I’ve got a bit of a backlog to post about; after returning from New Haven I went fairly heads-down at work doing something I rarely get to do anymore: be a full time engineer. Much of my time at Network Clarity is spent doing a variety of things, as often happens to founders at startup companies – a bit of sales here, a bit of dev management there, throw in some financing activity occasionally, documentation, internal IT tasks, product management, and very occasionally, I work on some aspects of the product itself.

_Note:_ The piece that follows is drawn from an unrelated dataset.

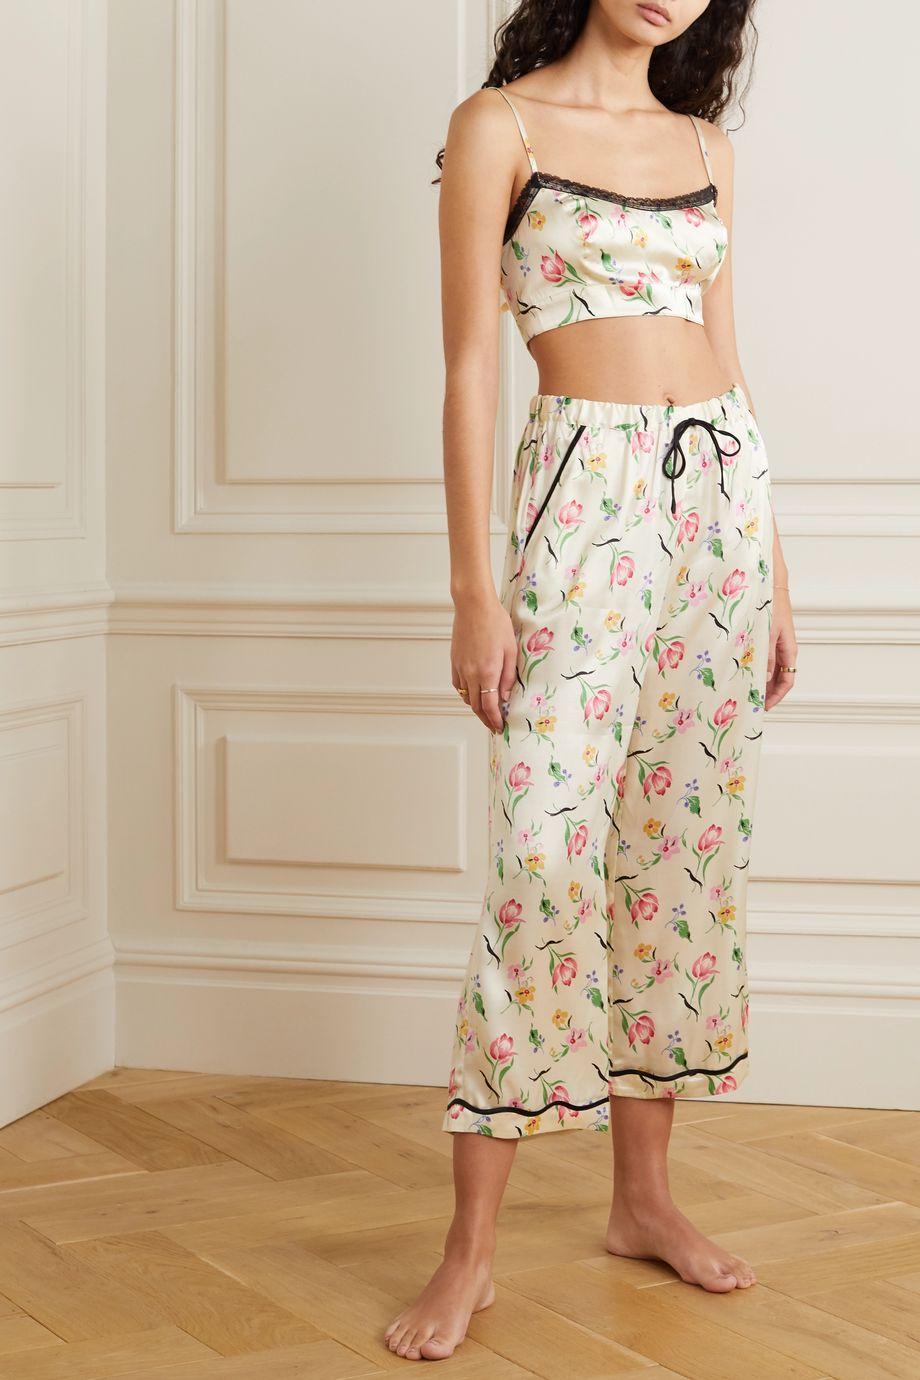 Morgan Lane Noelle Petal Pyjama aus Satin aus einer Seidenmischung mit Blumenprint

So I’ve been writing code and thoroughly enjoying myself, mostly because it’s a change of pace. This has meant less writing of late, but I certainly do have things to write about. At the moment, I want to comment on Stross’s story collection, Toast. Stross is quickly becoming one of my favorite contemporary science fiction authors, combining as he does an intense geek sensibility with some fairly serious physics and a keen political eye. The real gem in Toast is “Big Brother Iron,” a truly amazing look at the world of Orwell’s 1984 in its third generation of Party leadership and well into the computer age. The story is far more than just entertainment; Stross continues Orwell’s story in a way that perhaps Orwell himself would not have been capable, given his relative lack of scientific sophistication. In the world of Big Brother Iron, the third generation of leadership has rotted from the inside, with Inner Party members (and many of the technologists upon whom the Inner Party now depends) belonging to a shadowy “Organization” which is little more than an organized crime family. Faced with the choice of continuing the ideological purity of the first and second generations of Party leadership, or working seriously to change their society, many in the Inner Party have chosen a third path – lives of quiet corruption and luxury. This softening and corruption has also led to a far more robust Resistance than existed during Orwell’s depiction of the “young” Oceania and Party, and predictably the Resistance and Organization vie for control over power (each to their own ends) by jockeying for control over technology – over information itself. Given that I was reading Larry Lessig concurrently, I didn’t know whether to be amused or frightened.

Other stories well worth reading in this collection are “Antibodies” and the whimsically caffeinated “Extracts from the Club Diary.” Not all of the stories are up to Stross’s current standards, but this is worth owning simply for “Big Brother Iron.”